Provided material:
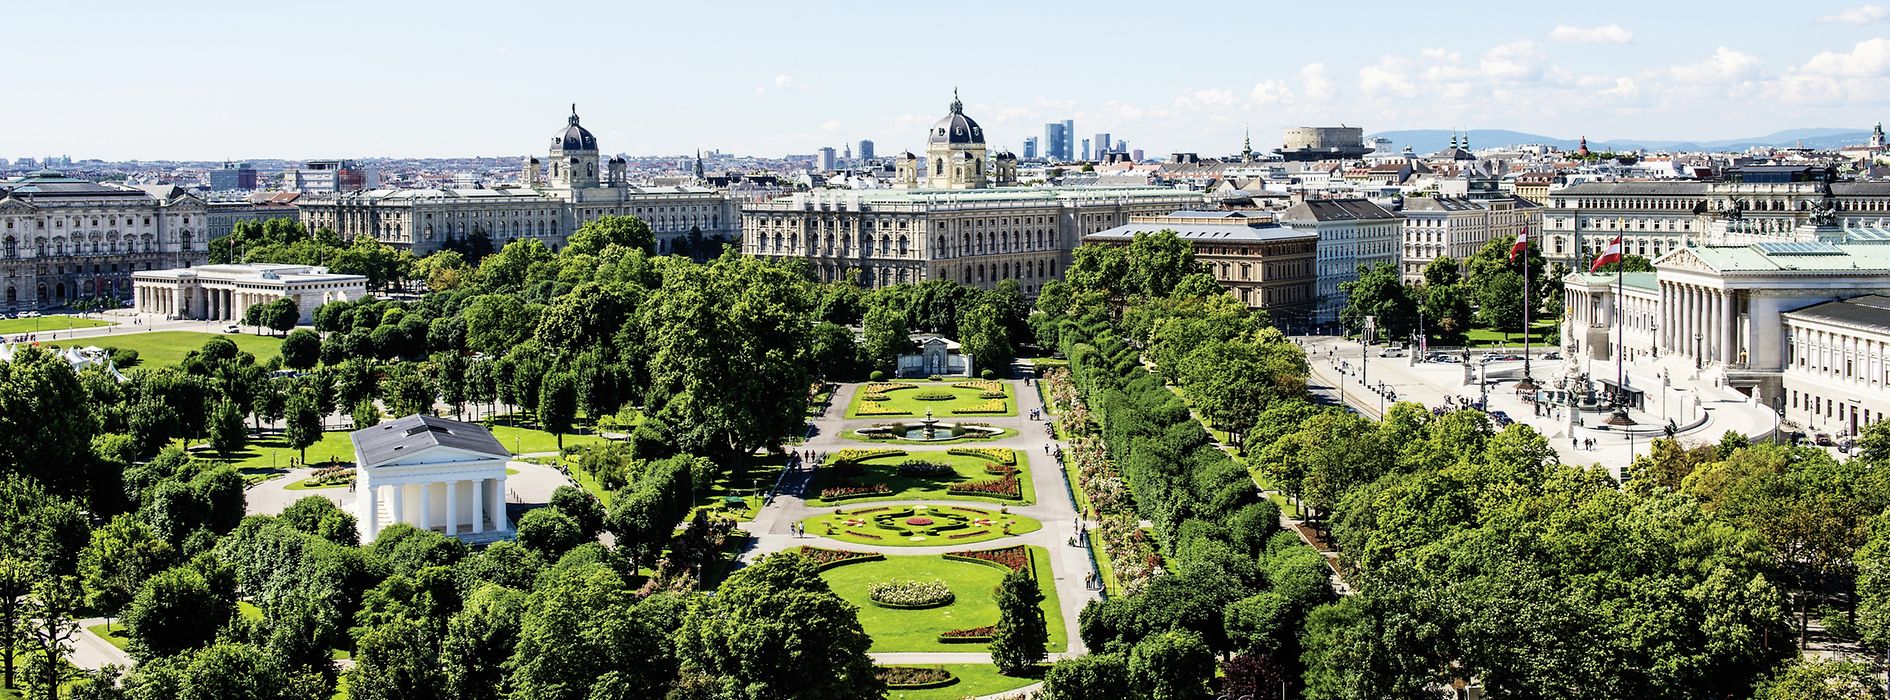 View of the Volksgarten and Parliament at the Ringstrasse in Vienna
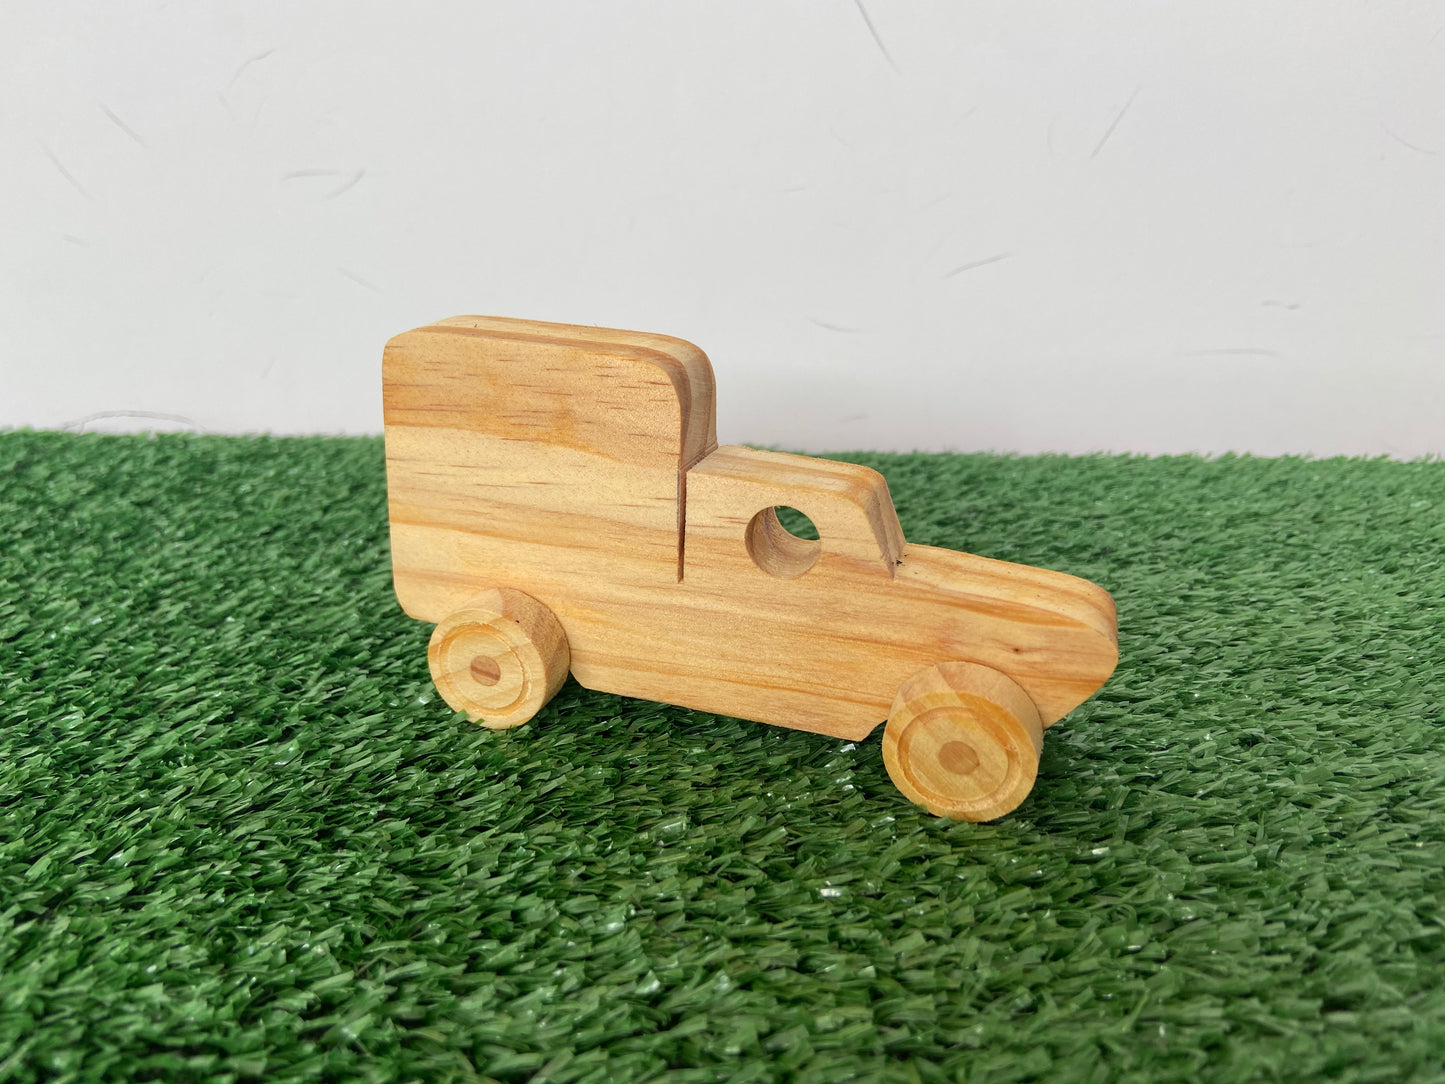 Wooden Toy - Small Delivery Truck
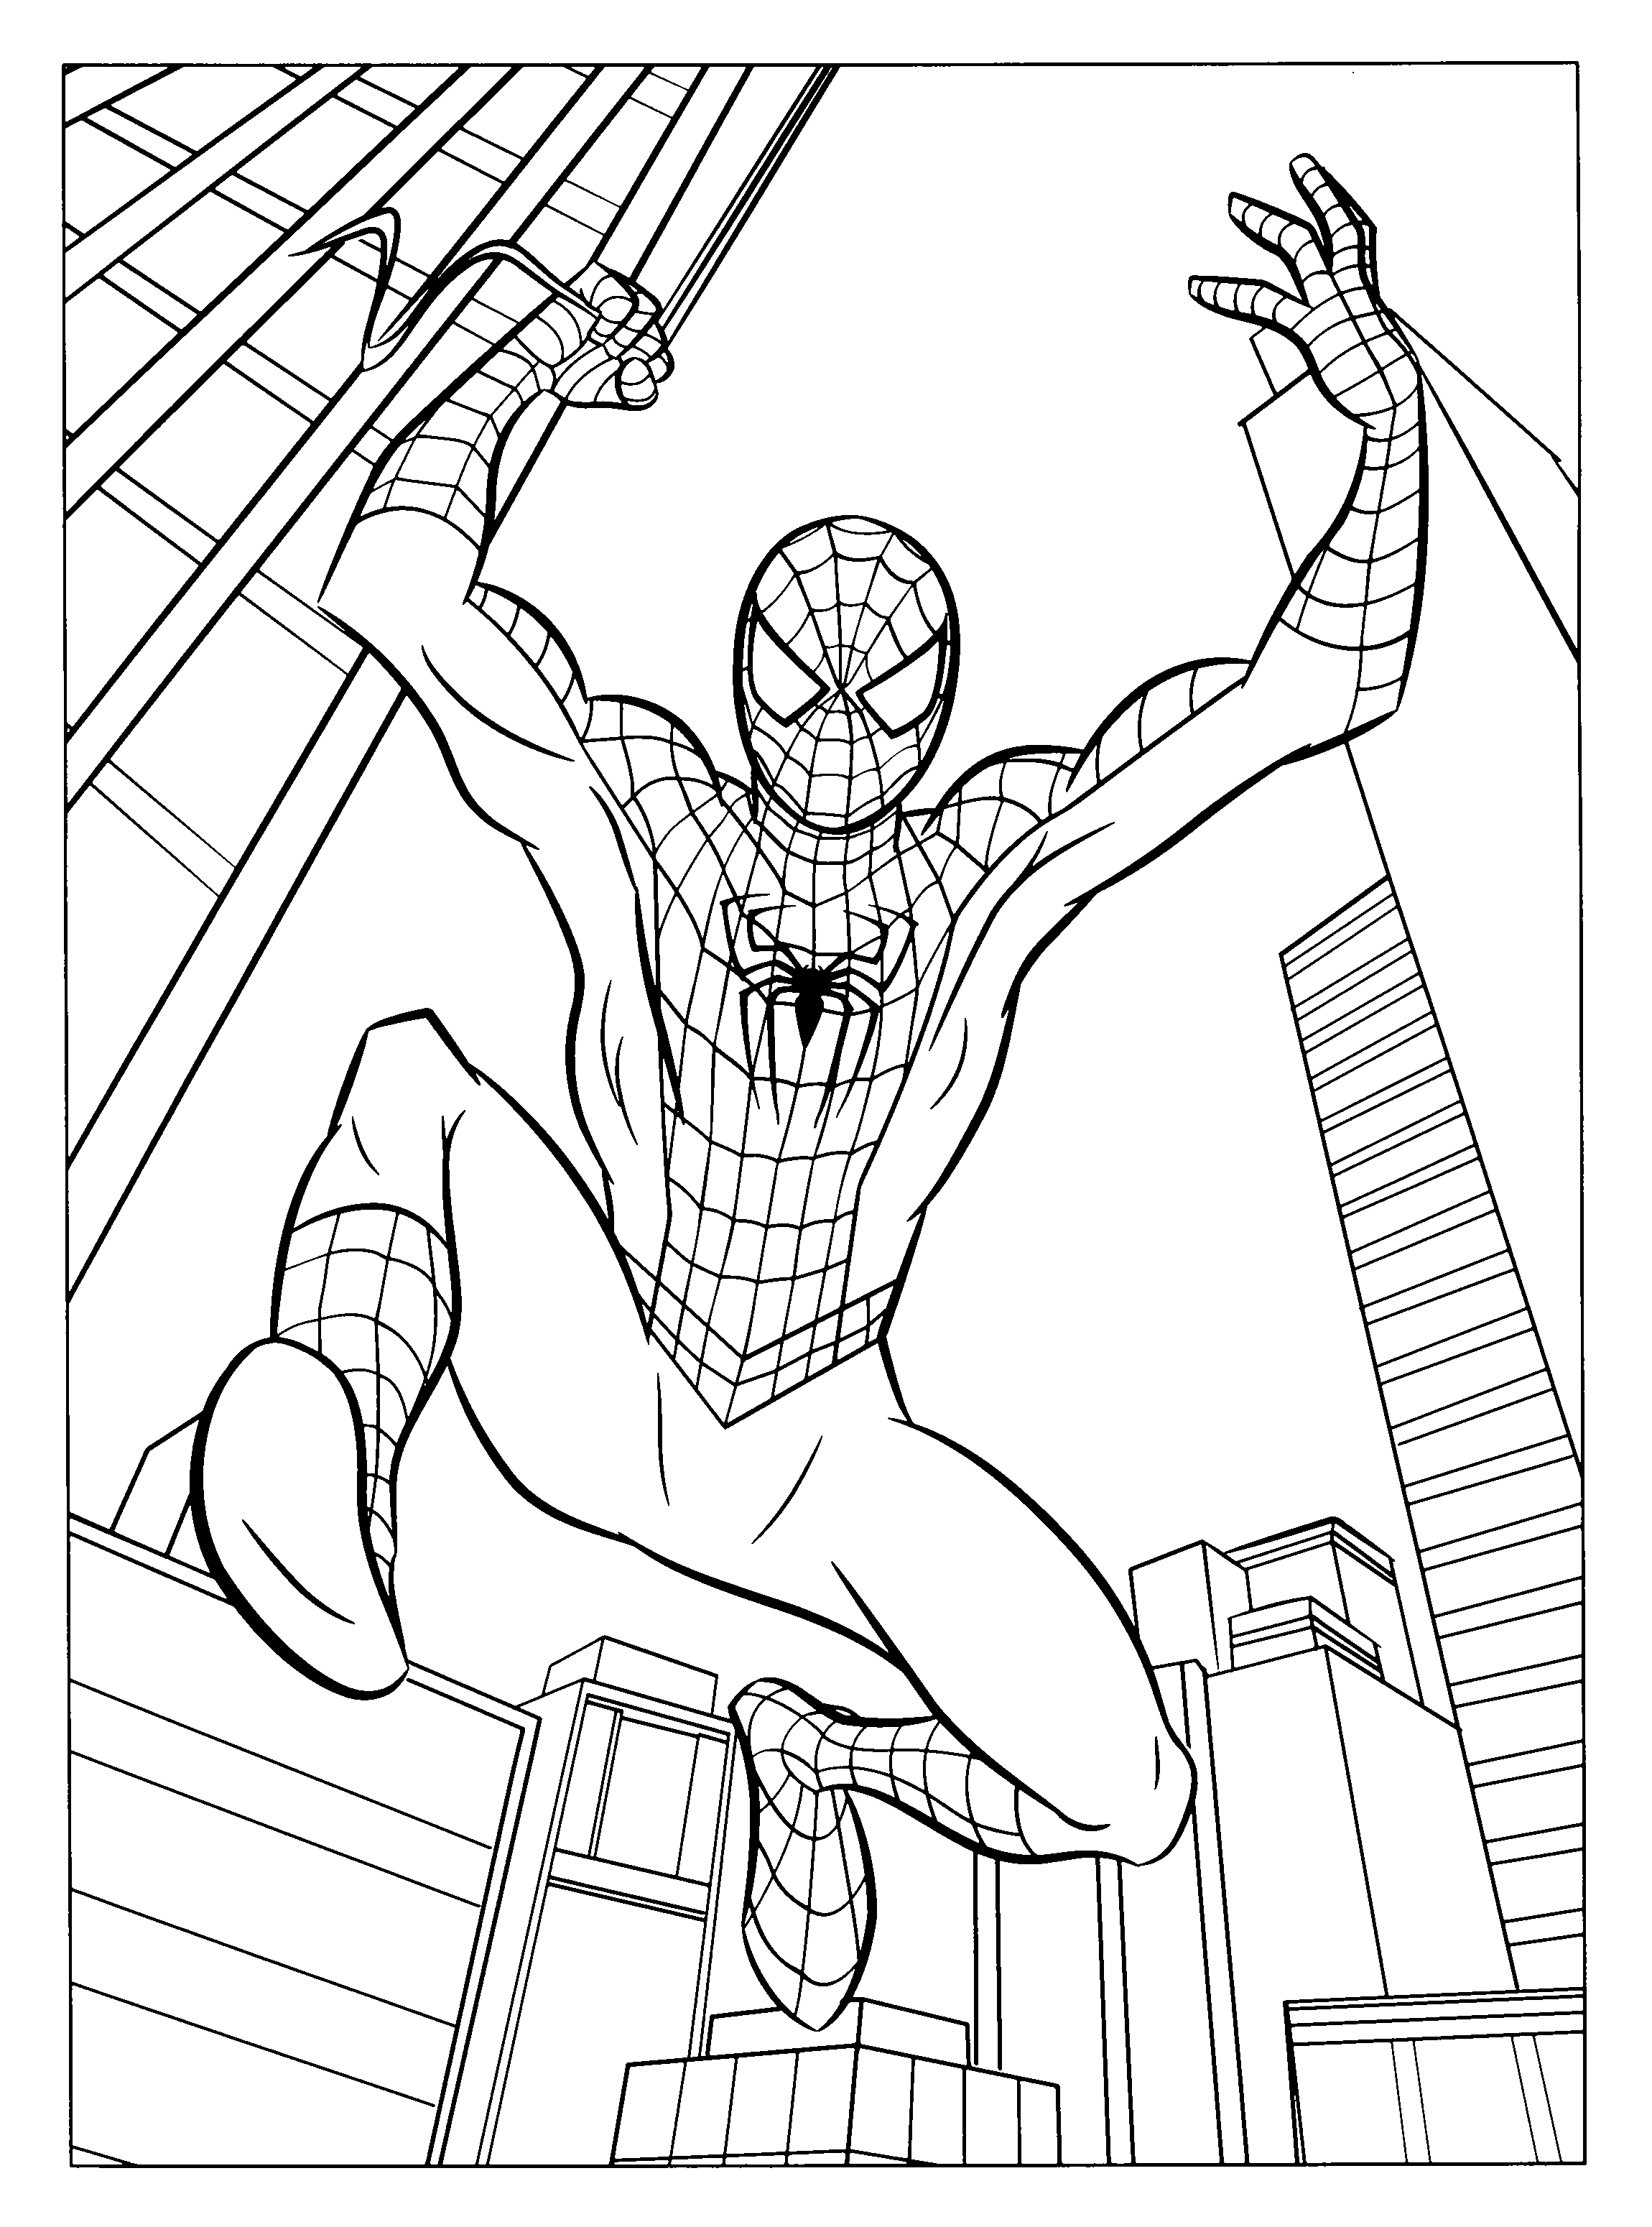 Coloring pages for your kids - page 13 : Printable Spiderman ...

Prompt:
In your copy of the listing above, every line must match exactly and no picture may appear.

Task answer:
 View of the Volksgarten and Parliament at the Ringstrasse in Vienna
 Wooden Toy - Small Delivery Truck
 Coloring pages for your kids - page 13 : Printable Spiderman ...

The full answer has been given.